(Given information)

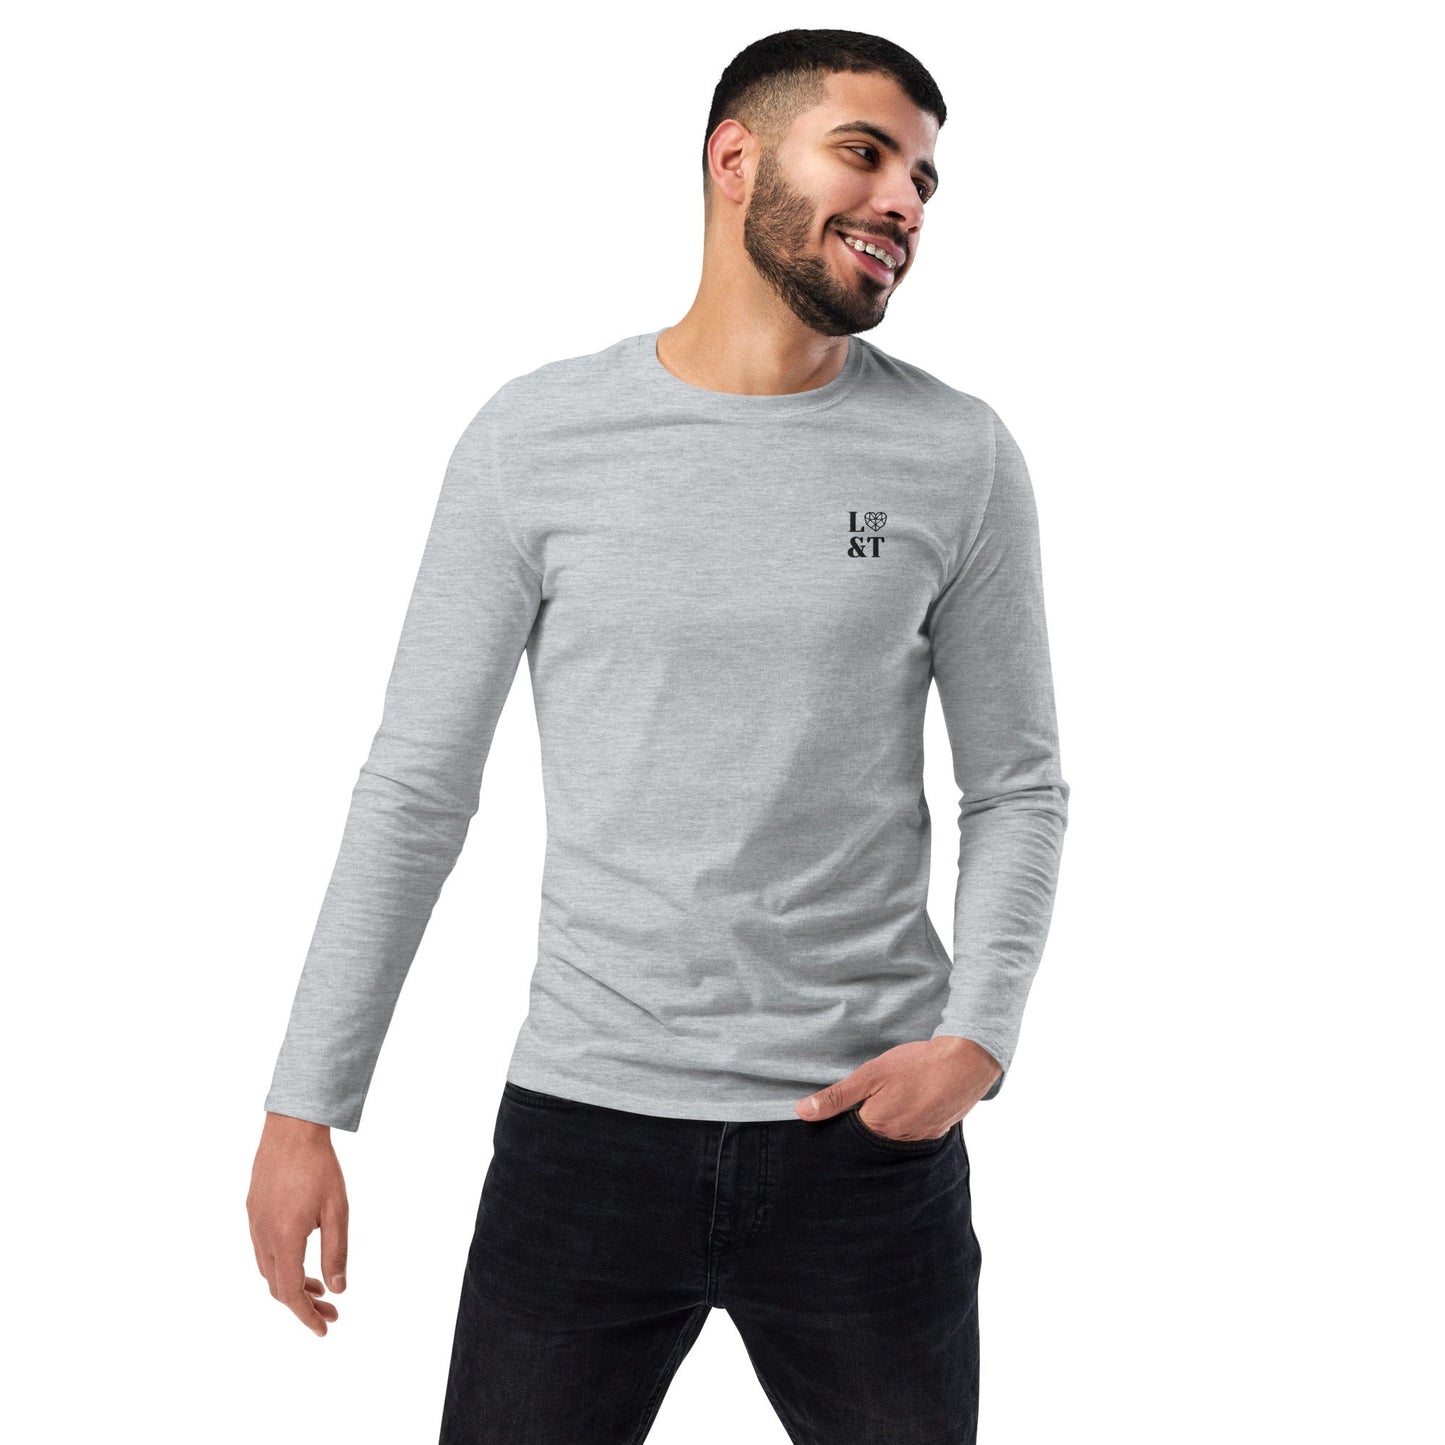 L&T's Unisex Long Sleeve T-Shirt
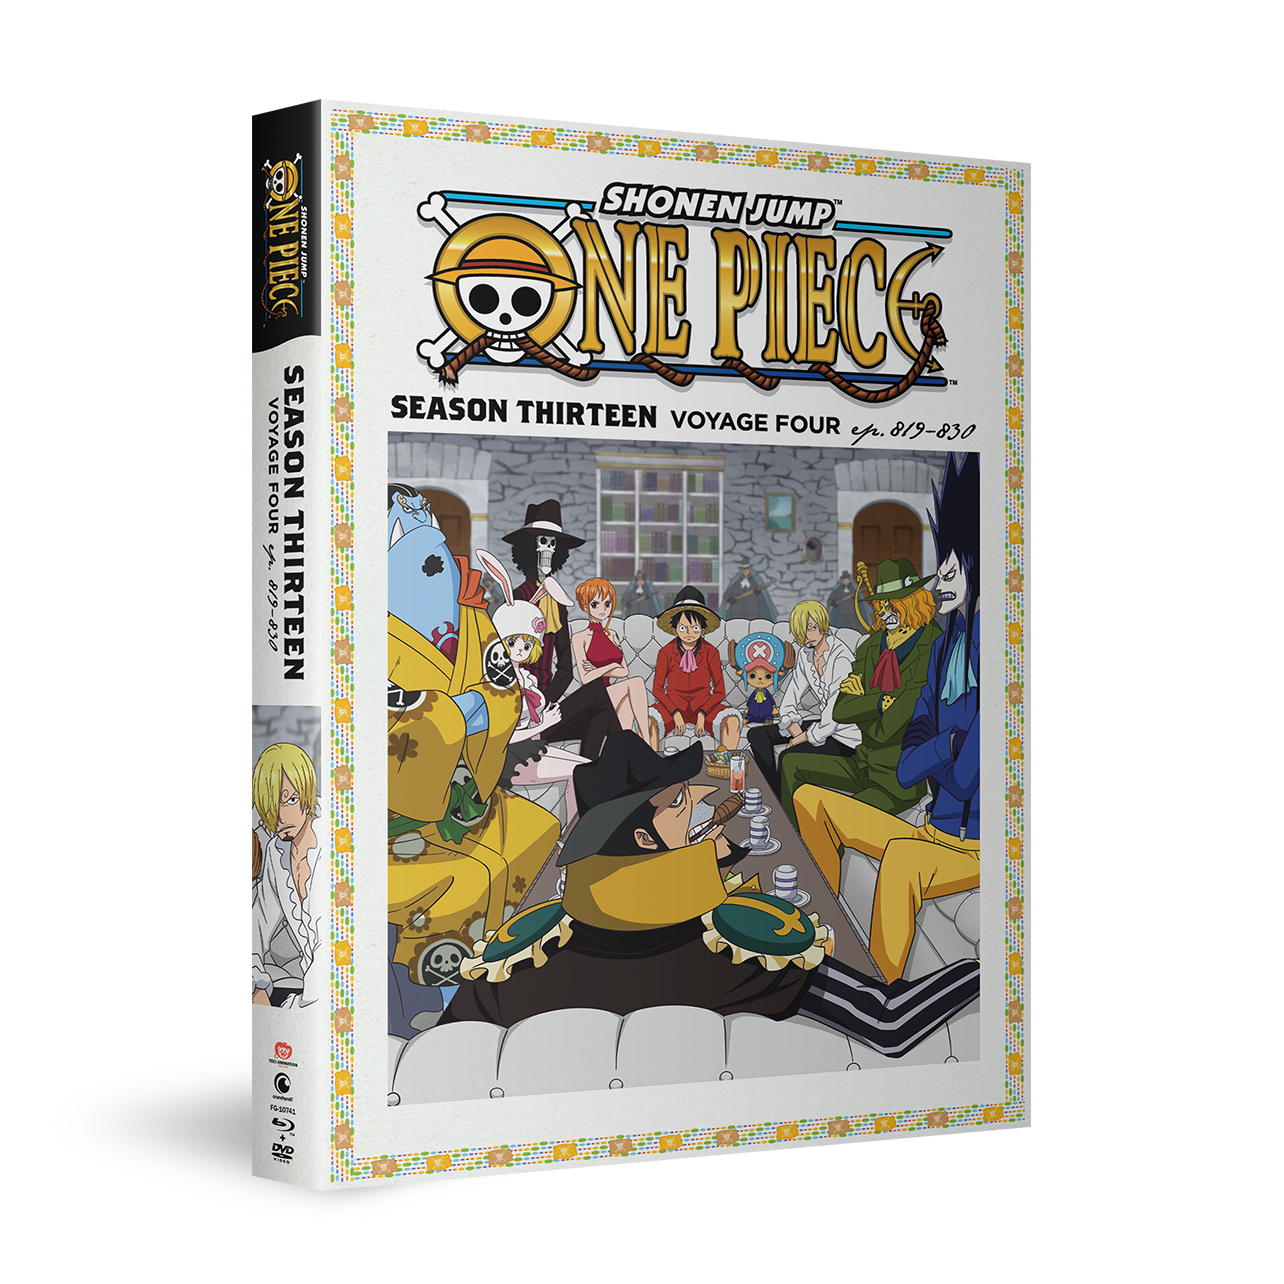 One Piece - Season 13 Voyage 4 - Blu-ray + DVD image count 1
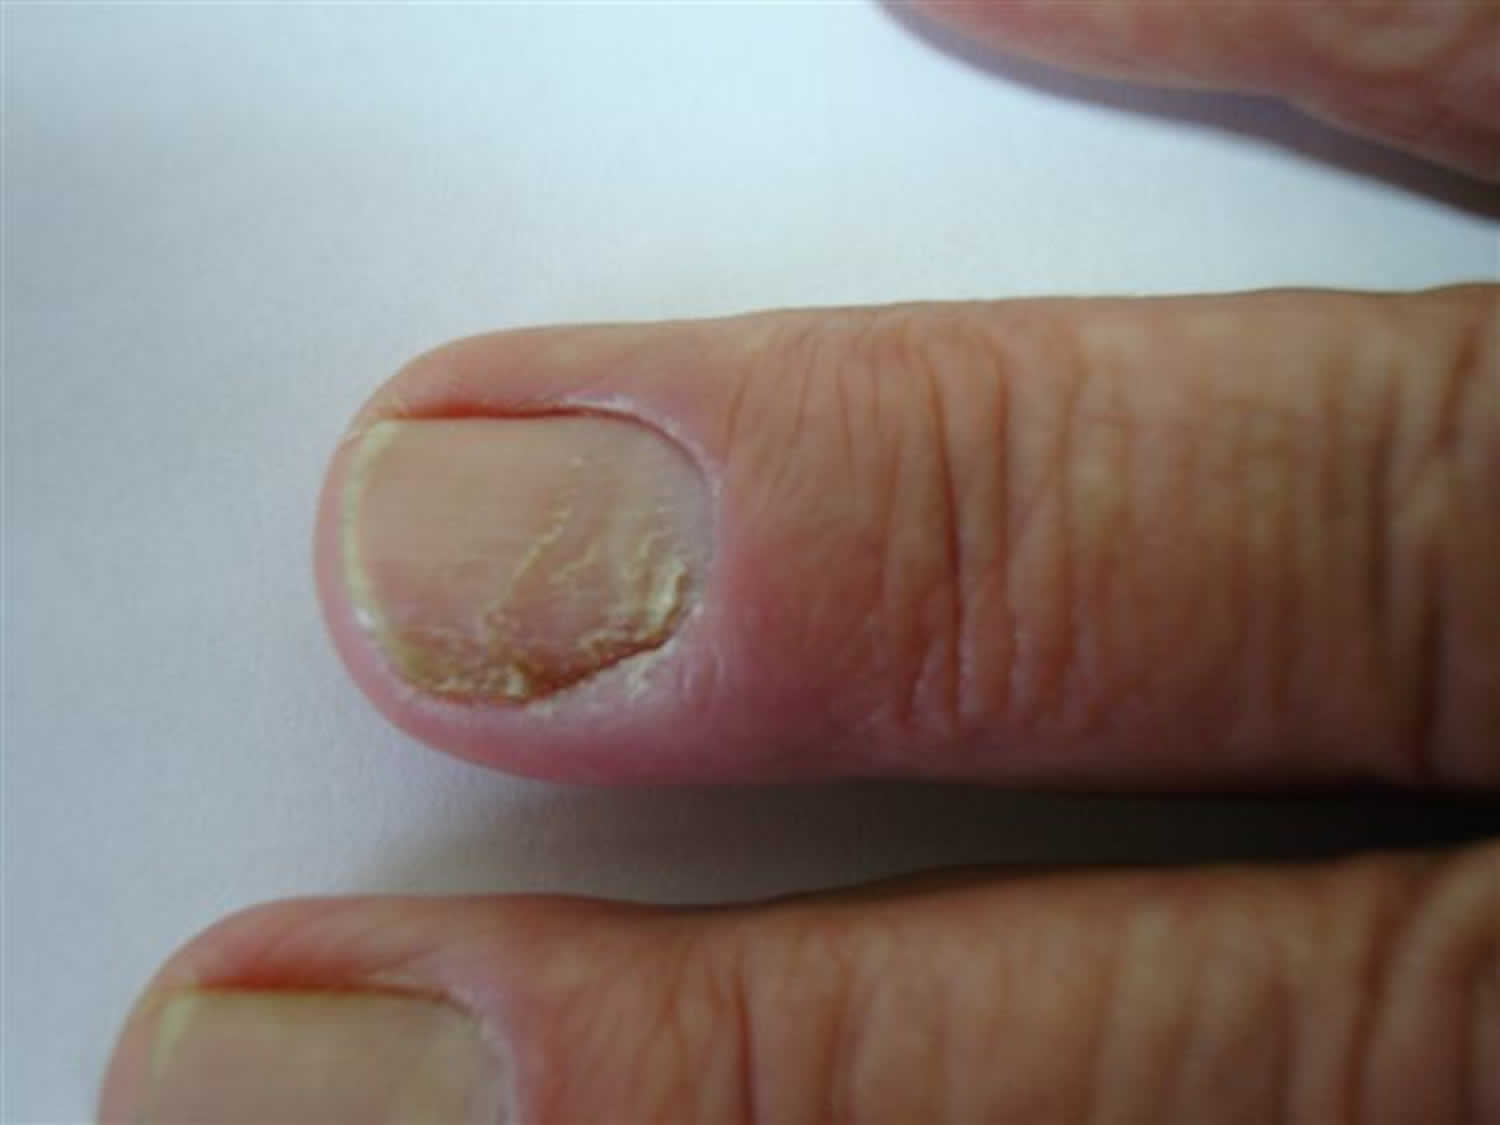 7 Reasons Why Fingernail Hurts When Pressed | Blossom Nail Spa
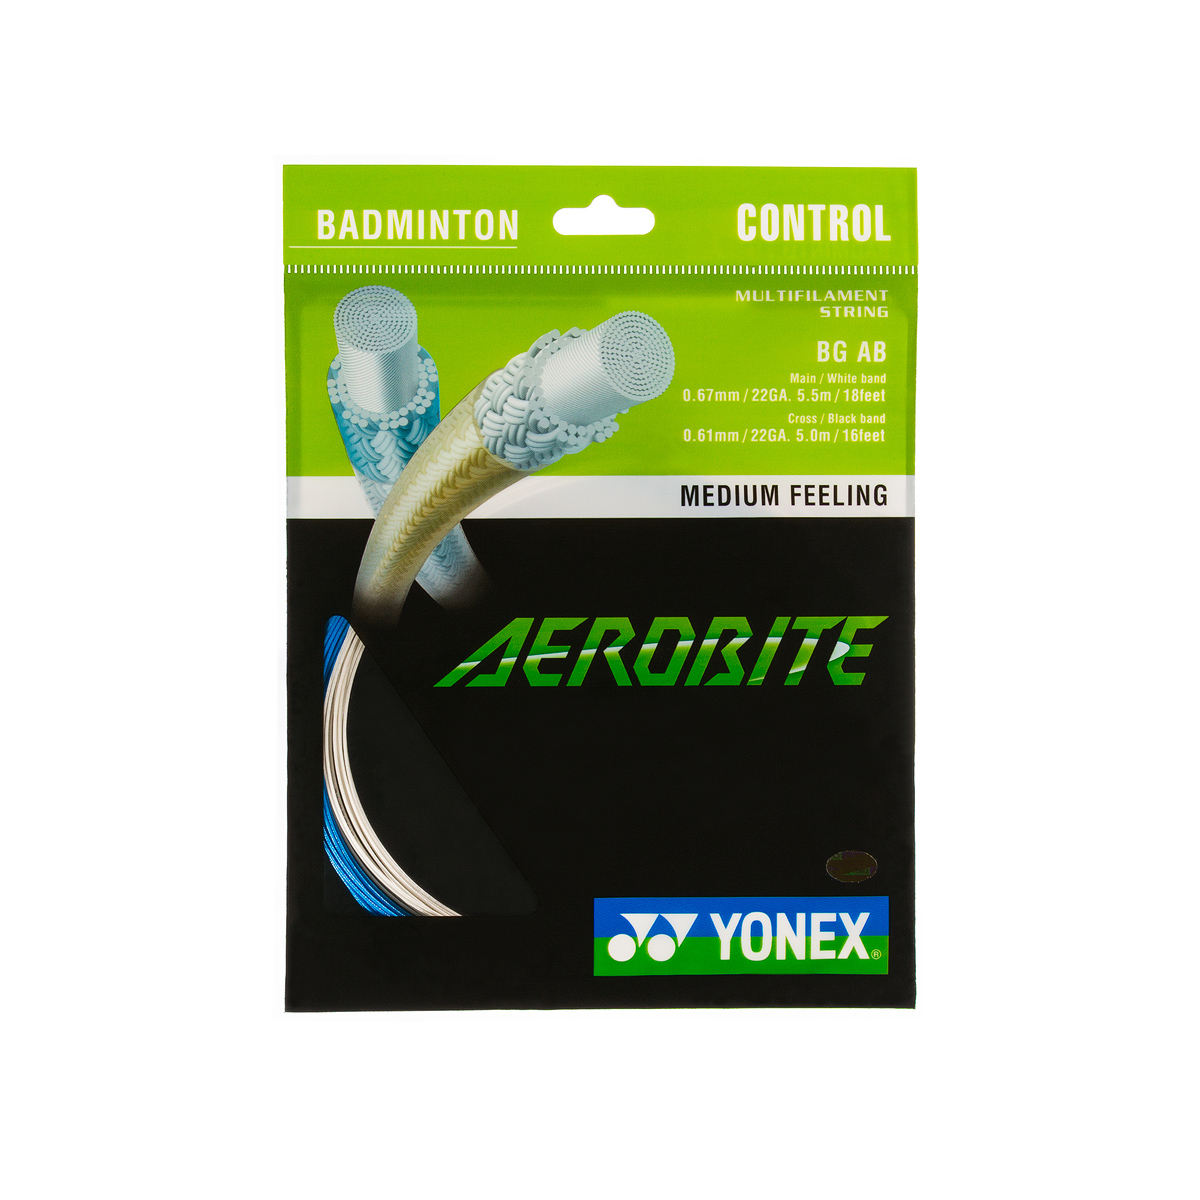 YONEX Badminton Saite - 16 BG AEROBITE SETDetailbild - 2
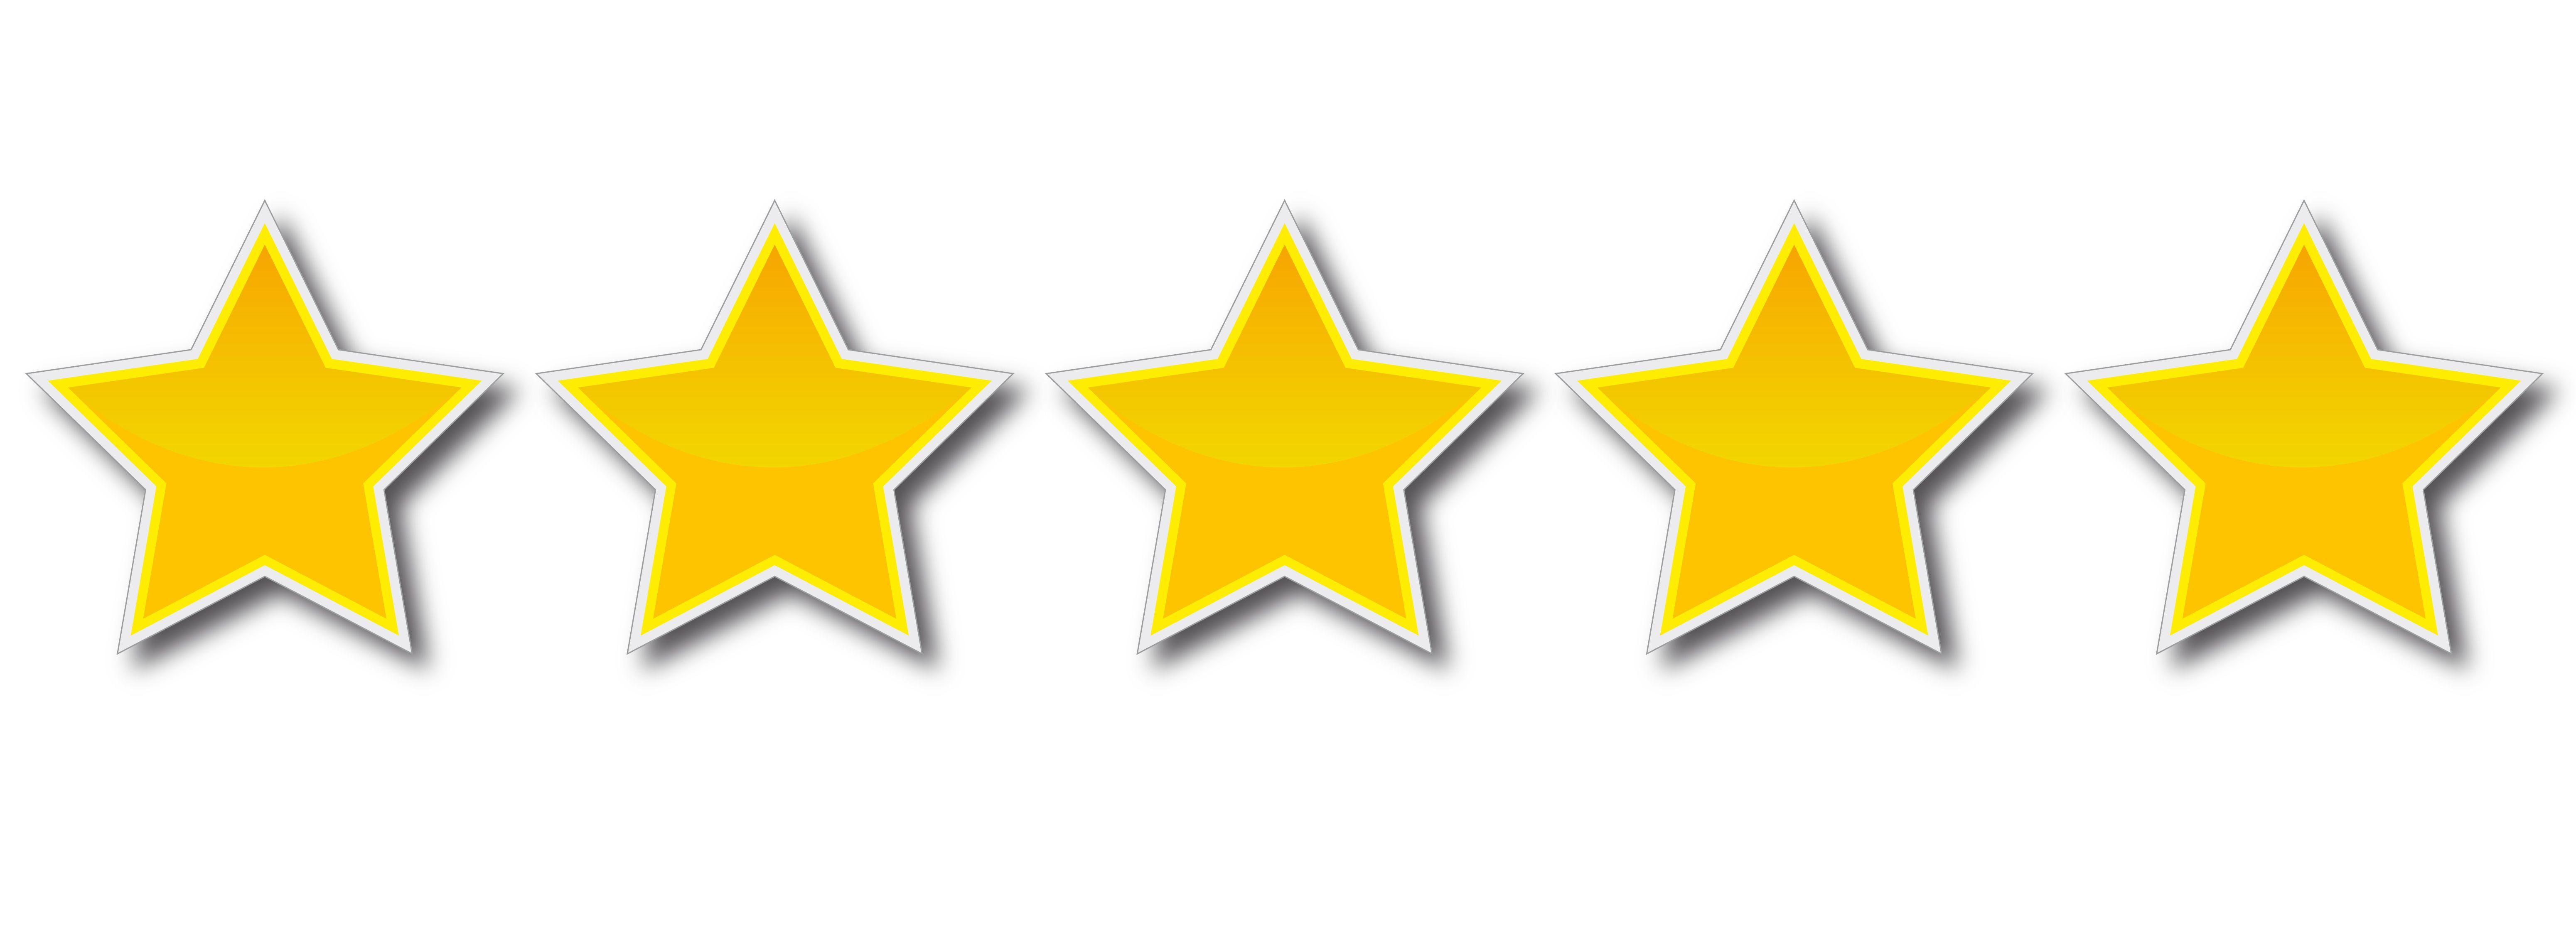 Review Stars Logo - Hospital Star Ratings Game Changer? Nurse Leader

(End Given information)

### To do
Without the pictures, repeat exactly the lines running from the line containing "YONEX Badminton Saite" through the end of the data, both ends included.

### Answer box
 YONEX Badminton Saite - 16 BG AEROBITE SETDetailbild - 2
 Review Stars Logo - Hospital Star Ratings Game Changer? Nurse Leader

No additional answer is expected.